8.            It is not explained what happened after the phone calls were made.  What the prosecution wanted the court to believe was that after the disagreement, the only inference that can be drawn is that the accused murdered the deceased. The accused in narrating what happened claimed that the wife was murdered by some other people who had allegedly been communicating with her.  The question begging, therefore is whether, the circumstantial evidence of the accused having disagreed with the deceased was so cogent such that it excluded the possibility of another person having murdered the deceased? The question ought to have been answered but the same was not.

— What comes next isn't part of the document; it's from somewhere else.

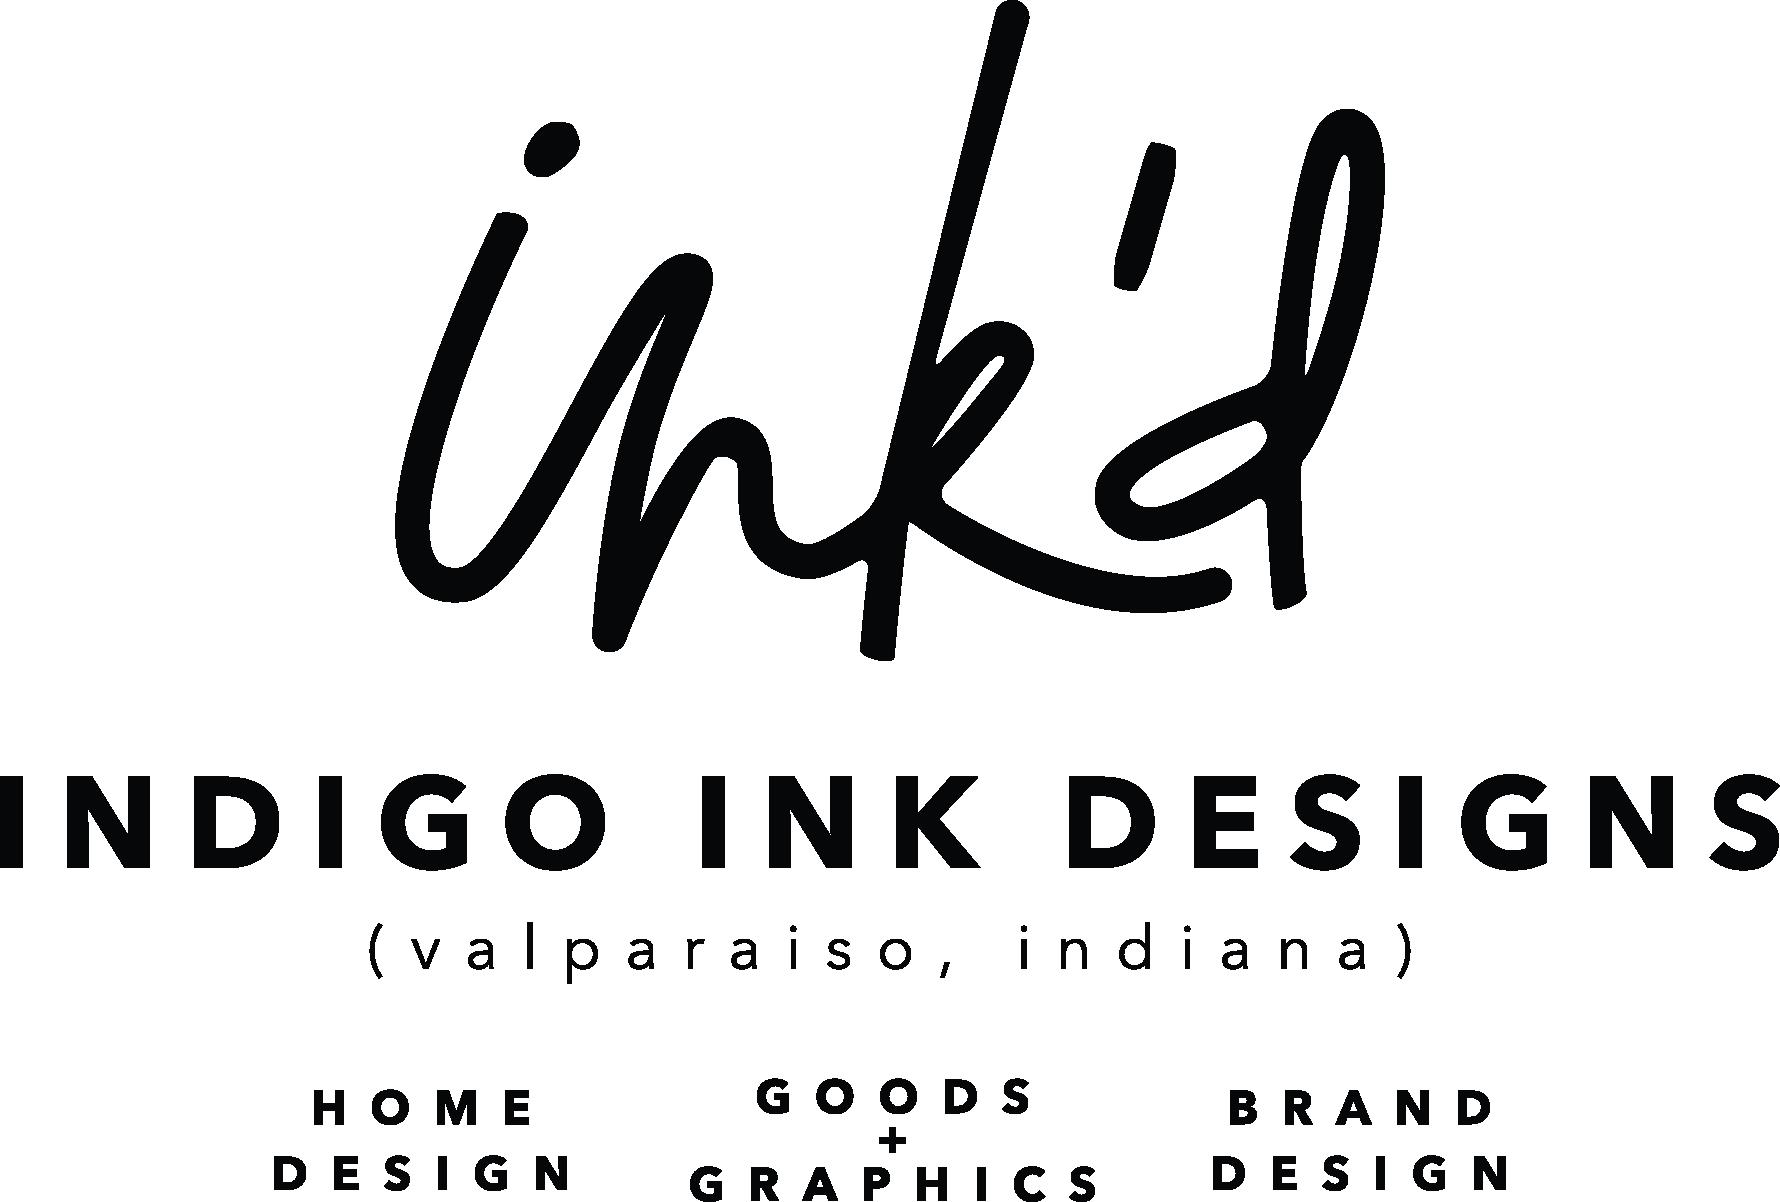 iNK'd : Indigo Ink Designs
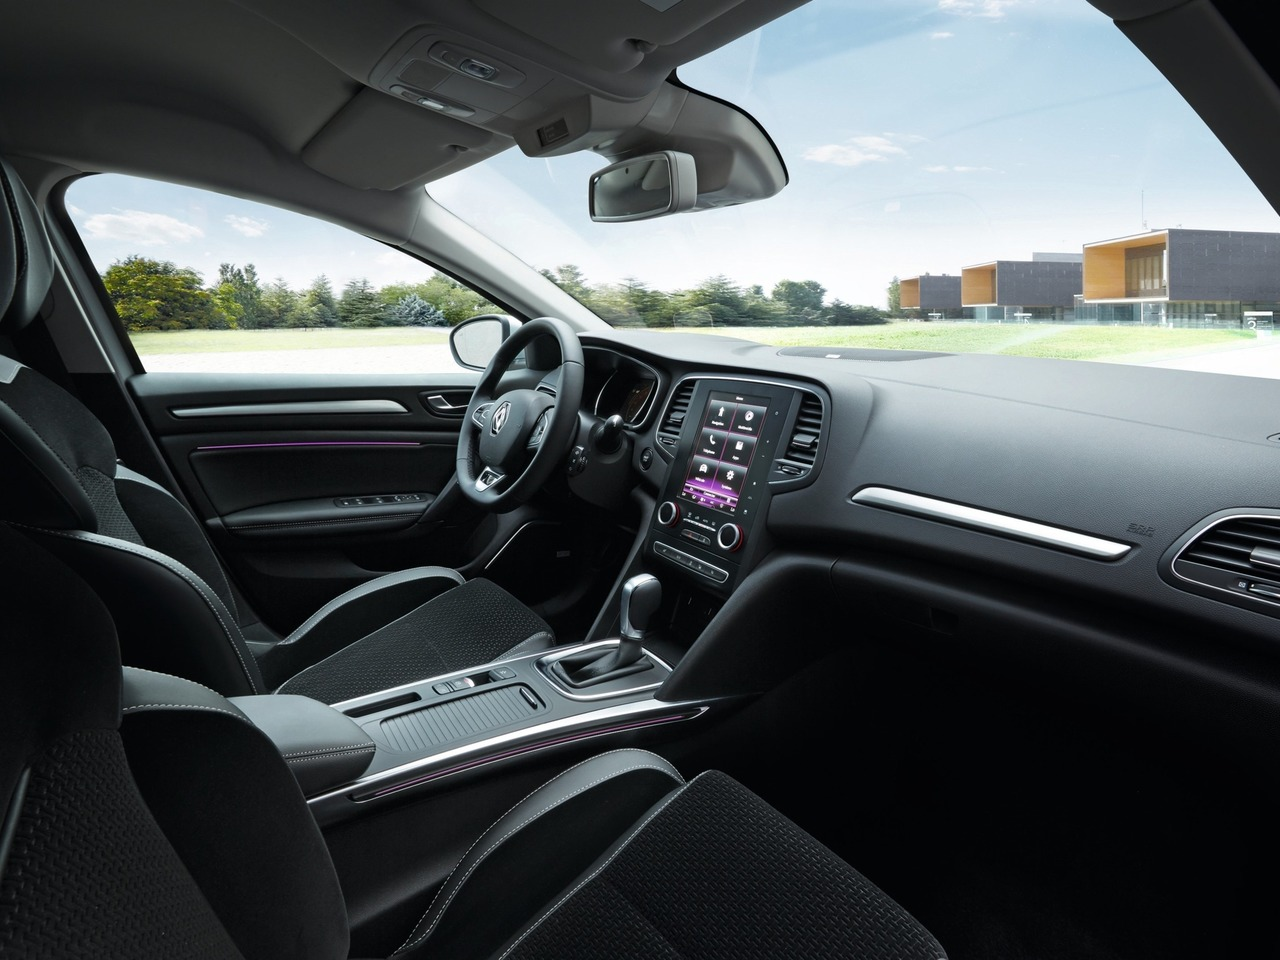 Снимки: Renault Megane 4

9.            In causing the accused to be charged, therefore the police acted on suspicion.  It was presumed that since he was the person who had disagreed with the deceased and did not want her he was the murderer.  In the case of Joan Chebichi Sane versus Republic- Criminal Appeal No. 2 of 2002 -it was held:-

“The suspicion may be strong but this is a game with clear and settled rules of engagement.  The prosecution  must  prove the case against the accused beyond reasonable doubt… suspicion however strong  cannot provide a basis for inferring guilty which  must be proved by evidence.”

10.            There is proof that the deceased was assaulted and wounded badly.  She had deep cut wounds on the neck which is proof that whoever occasioned it intended to fatally wound her. The prosecution however, failed to establish any intention on the part of the police to investigate the matter as to who indeed did the act that resulted into her death.  They only acted in suspicion.

11.            It was held in the case of  RamanlalTrambaklal Bhatt versus Republic (1957) E.A. 332  that;-

“A prima facie case must mean where a reasonable tribunal, properly directing its mind to the law and the evidence adduced could convict if no explanation is offered by the defence.”

12.            The prosecution having adduced evidence amounting to strong suspicion, that the murderer was the accused without adducing cogent evidence that indeed he was the culprit, if put on his defence and he elects to remain silent no conviction can follow.  In the premises, I find that no evidence has been adduced to warrant the accused person being put on his defence.  He is therefore not guilty and I acquit him under Section 306(1) of the Criminal Procedure Code.

13.            It is so ordered.

DATED, SIGNED and DELIVEREDatMACHAKOS this 14thday of JANUARY, 2015.